Finding success in the military, in the corporate world, and finally as an entrepreneur requires nothing short of unshakable vision, agile adaptability, and an iron-clad will, and Phil attributes these traits to the time he spent serving our country. “The military teaches you how to be aggressive, how to look ahead, and how to move forward,” he avows. “When I got into the business world, I saw where I needed to go and I mapped out a plan with the help of others. I always had a concept of where I wanted to be, and I think that’s why I’ve been successful.“
Also integral to his success has been, of course, his ability to lead. “When it comes to leadership, it’s about getting others to do things they may not have done themselves without some guidance,” Phil explains. “You can’t be afraid to make command decisions. You have to be able to challenge people, but you also have to be ready to take criticism. And above all else, if you want to instill in your team a sense of discipline and an ethical model, you have to be able to walk the talk. The way you behave and hold yourself is more of a learning tool to everyone around you than anything you could say. That’s why I’m always trying to do the right things and to live the way I expect people around me to live.

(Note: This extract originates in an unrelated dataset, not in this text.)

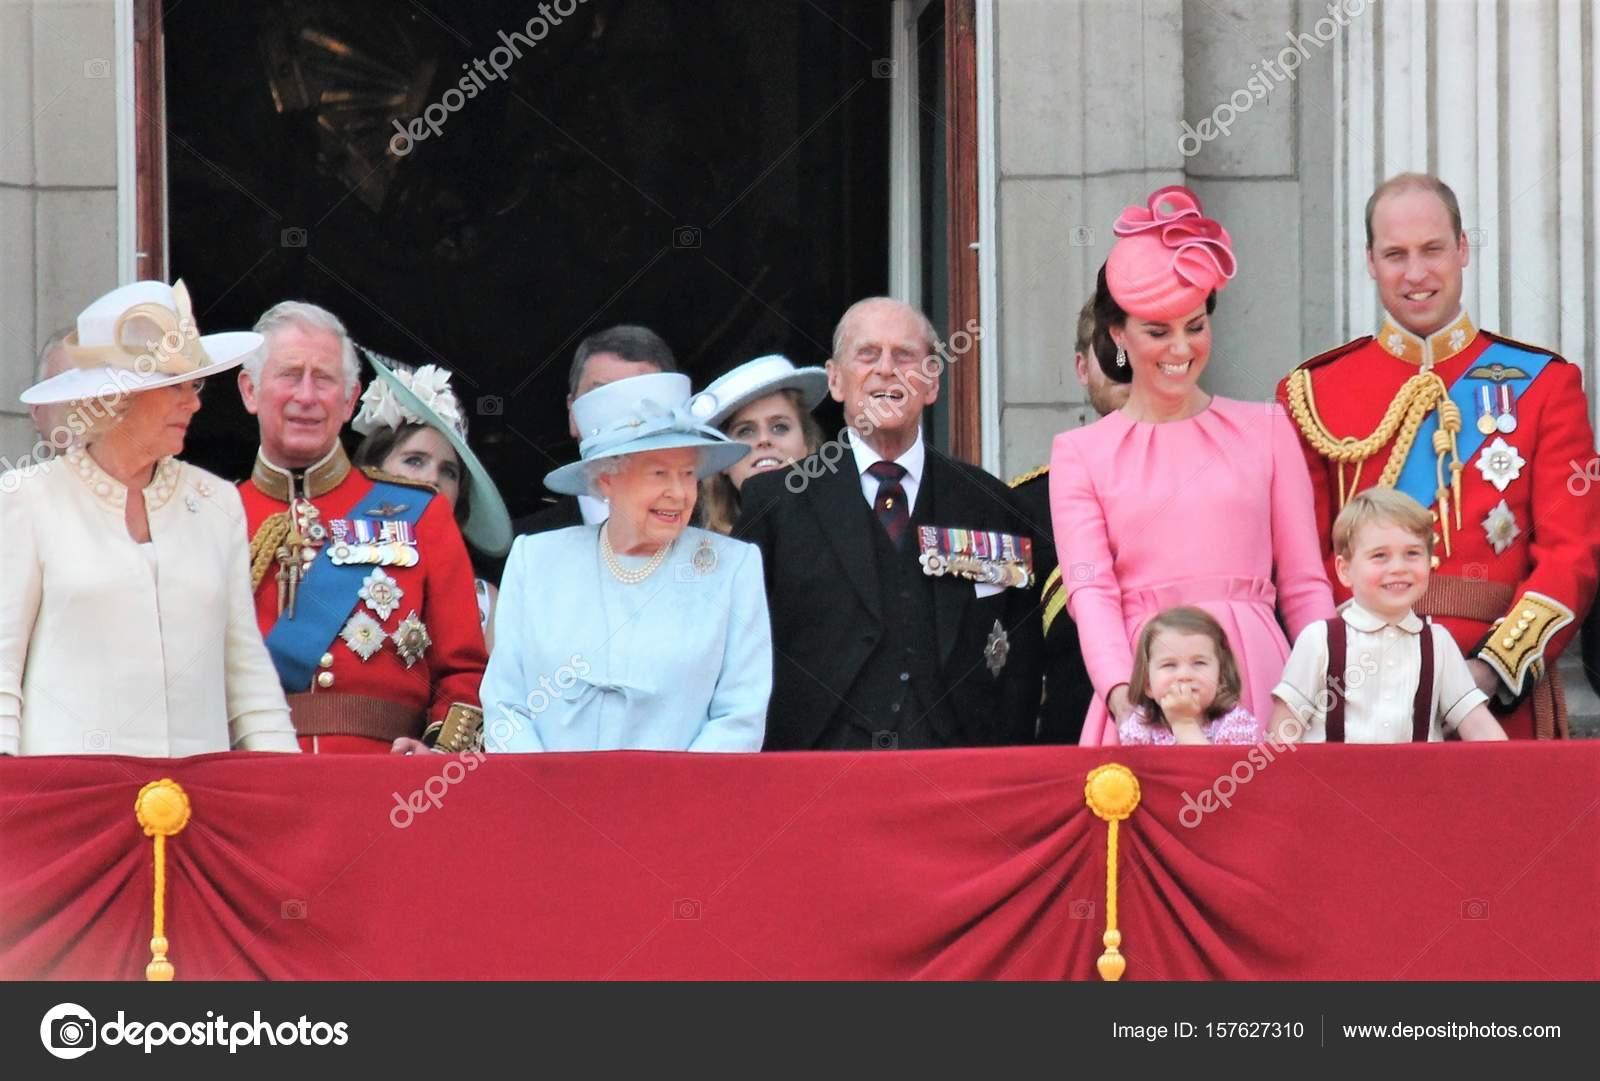 Queen Elizabeth Konigsfamilie Buckingham Palace London Juni 2017
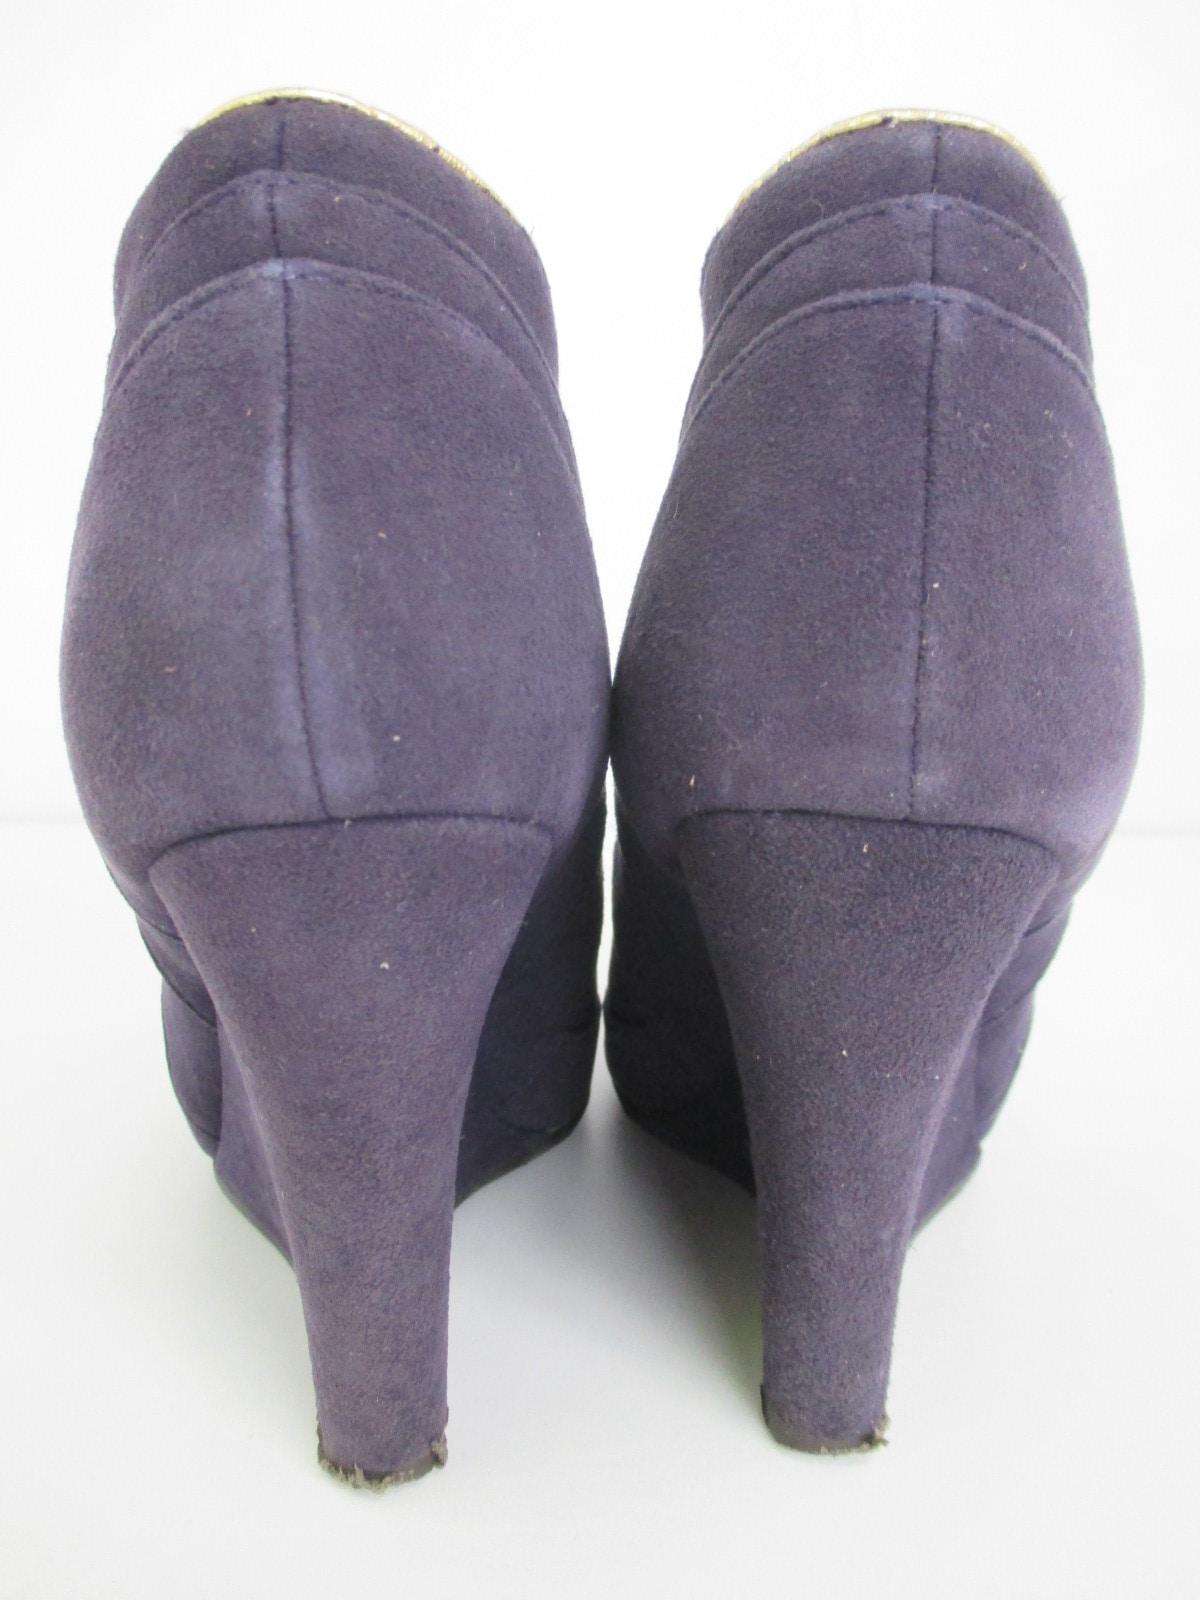 rosebullet(ローズブリット)のブーツ

And to me, you don’t lead to get ahead; you lead to move people ahead. You don’t step on people to get to the next level. You raise people up, and if you help enough people around you get to where they need to be, you will get to where you need to be.”
Indeed, raising people up is an integral aspect of CPS and of Phil’s life overall. Whether he’s helping wounded soldiers through the Easter Seals program, supporting junior high and high school students through the Leadership and Ethics program he co-leads, or working with the American Freedom Foundation to raise money in support of wounded soldiers, Phil makes it a priority to give back everyday. “Sometimes we can be so focused on our own lives and families that we don’t notice the great need that’s out there, but one doesn’t have to go far to find it,” he reminds us. “It’s right here in this county, and everyone can do something to make a difference.” By living, learning, earning, and returning, we get a return on our investment in the world that is exponentially greater than what we begin with—a return that echoes in professional success, personal satisfaction, and a better future for all.